| Data to use |
Segment Open

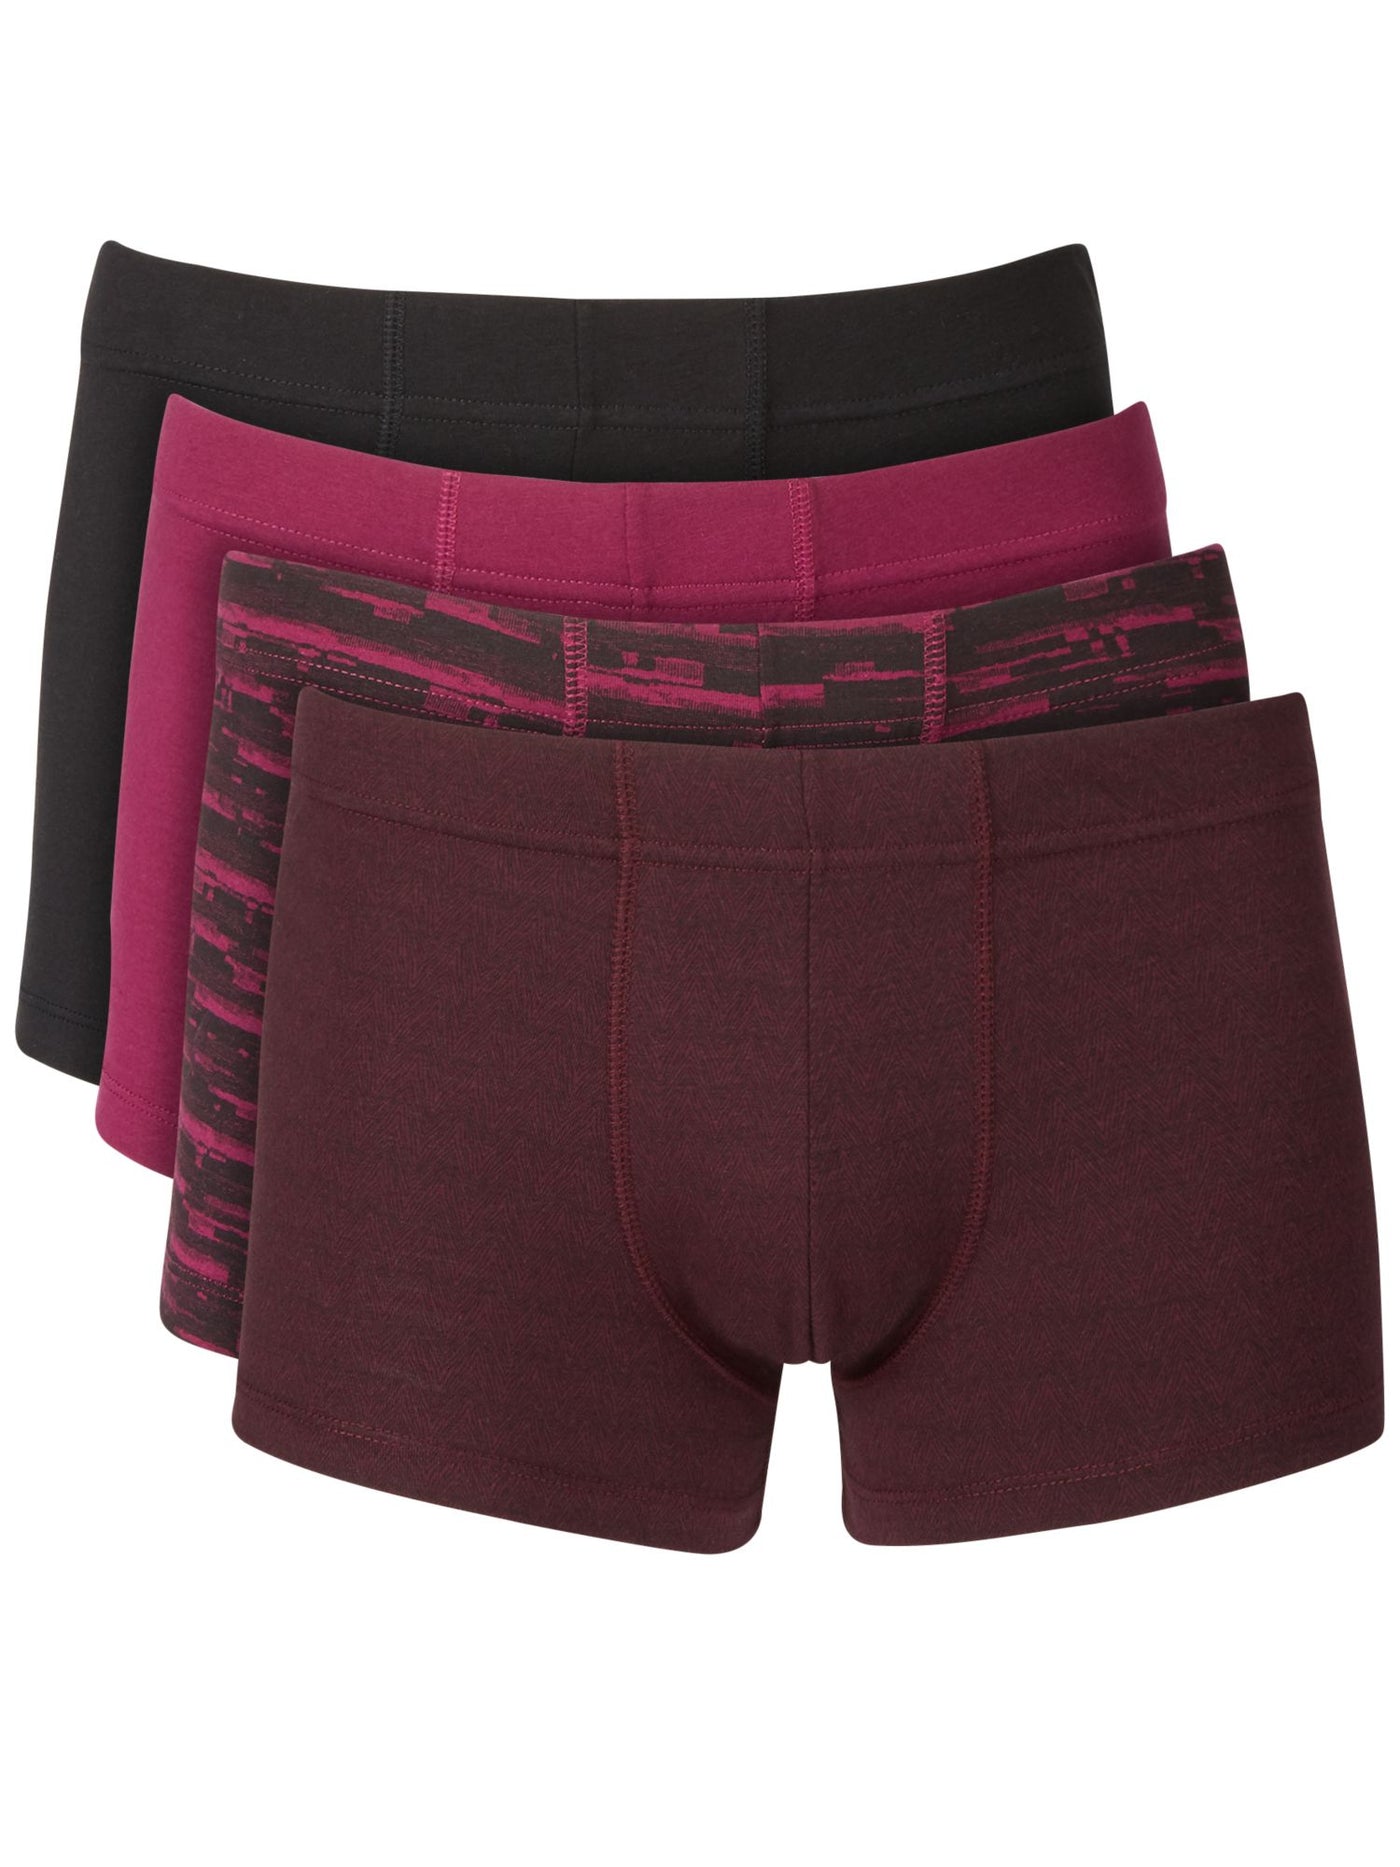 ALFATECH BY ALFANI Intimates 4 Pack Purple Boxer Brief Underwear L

Segment Closed
Segment Open

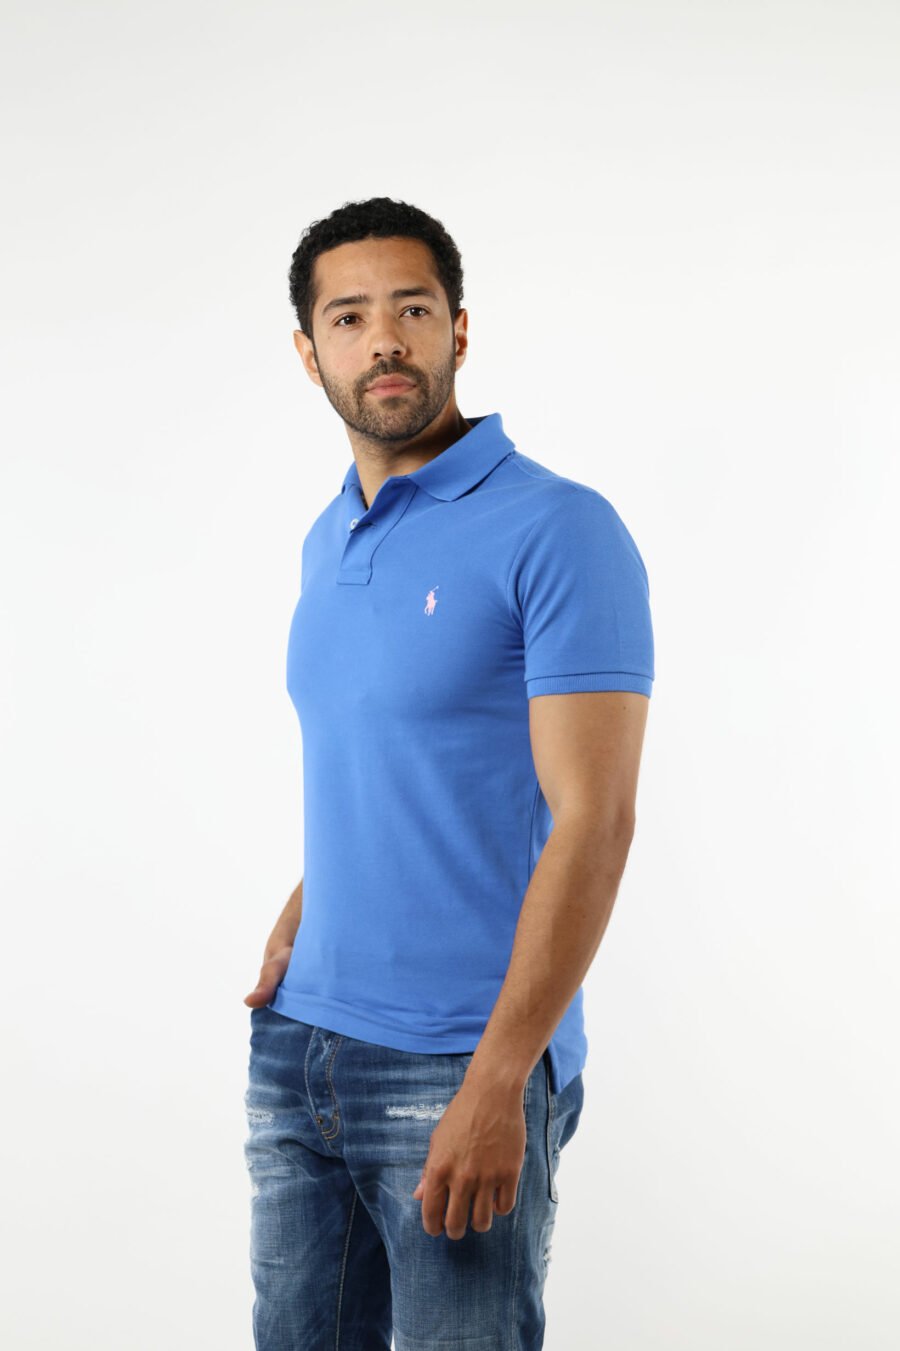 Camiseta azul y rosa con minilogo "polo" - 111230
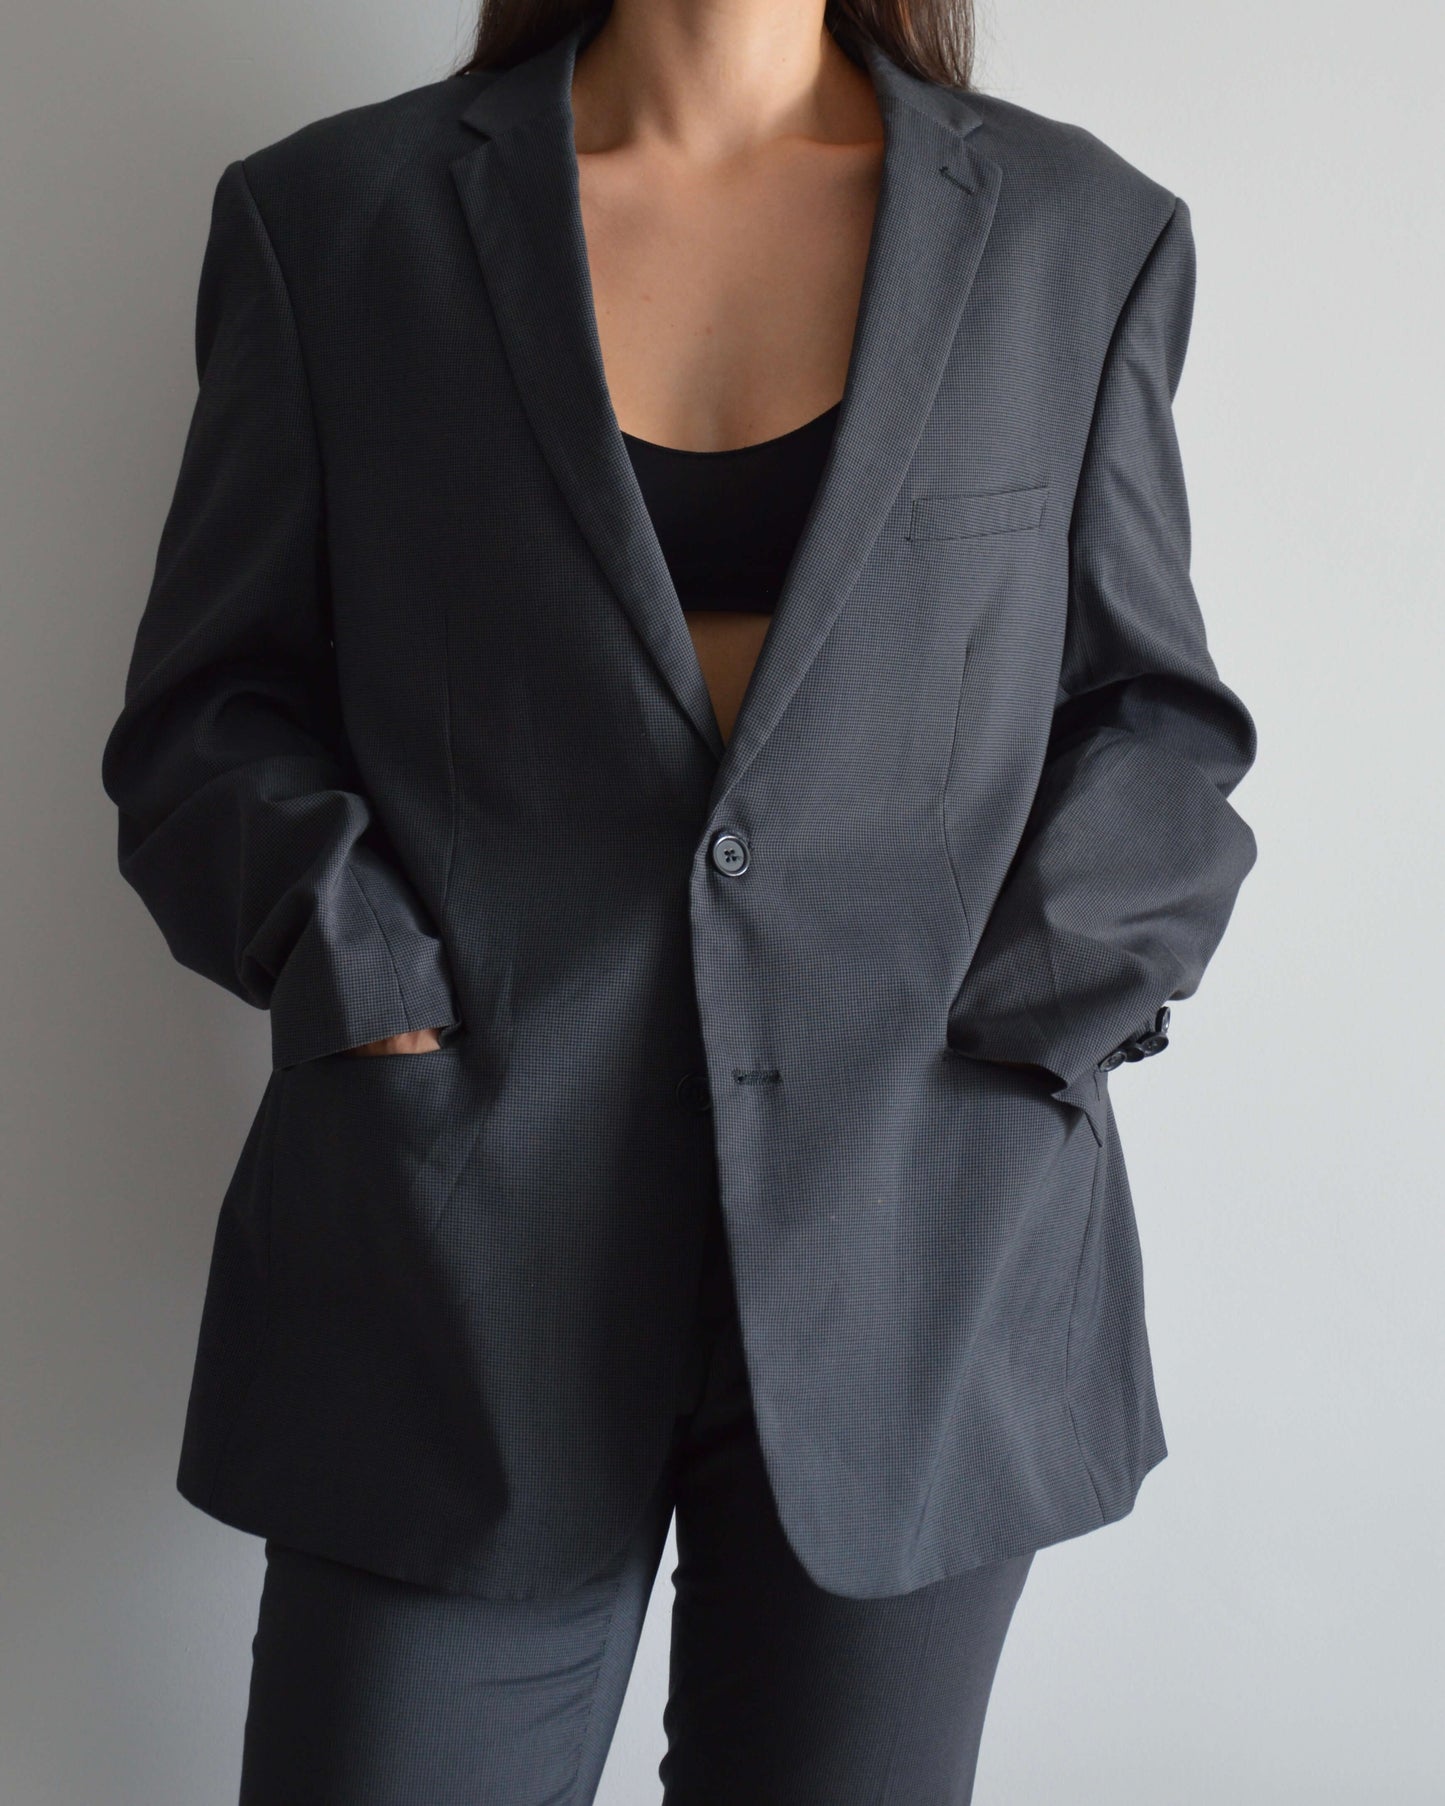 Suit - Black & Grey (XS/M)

Segment Closed
Segment Open

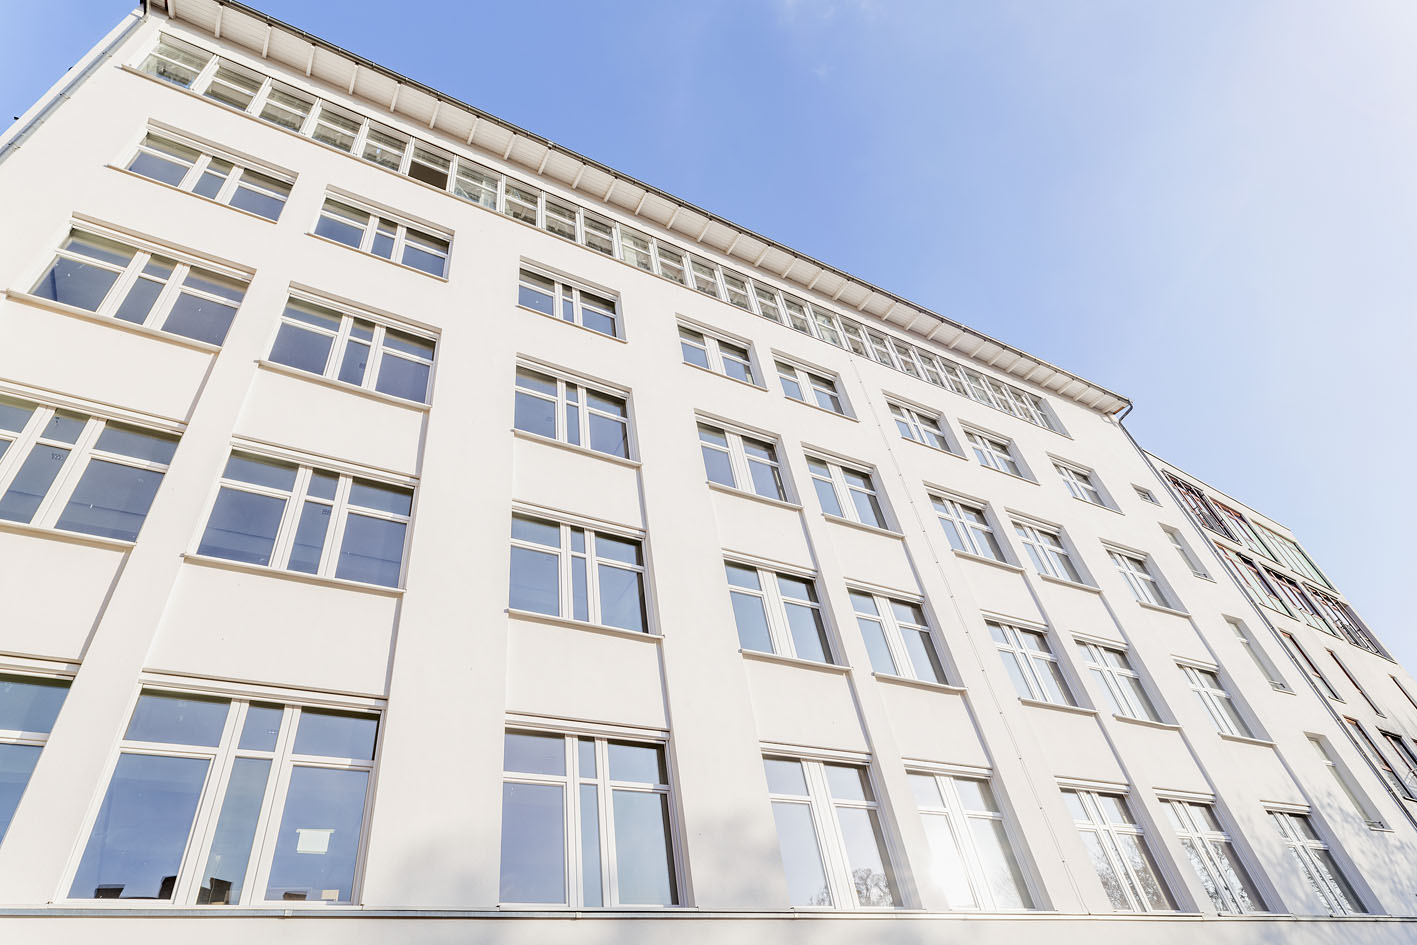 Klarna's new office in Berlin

Segment Closed

| Problem requirements |
Leaving out all pictures, set down exactly the lines of the material above, from the line with "Camiseta azul y" to the line with "Suit - Black & Grey (XS/M)" inclusive, and no others.

| Answer space |
 Camiseta azul y rosa con minilogo "polo" - 111230
 Suit - Black & Grey (XS/M)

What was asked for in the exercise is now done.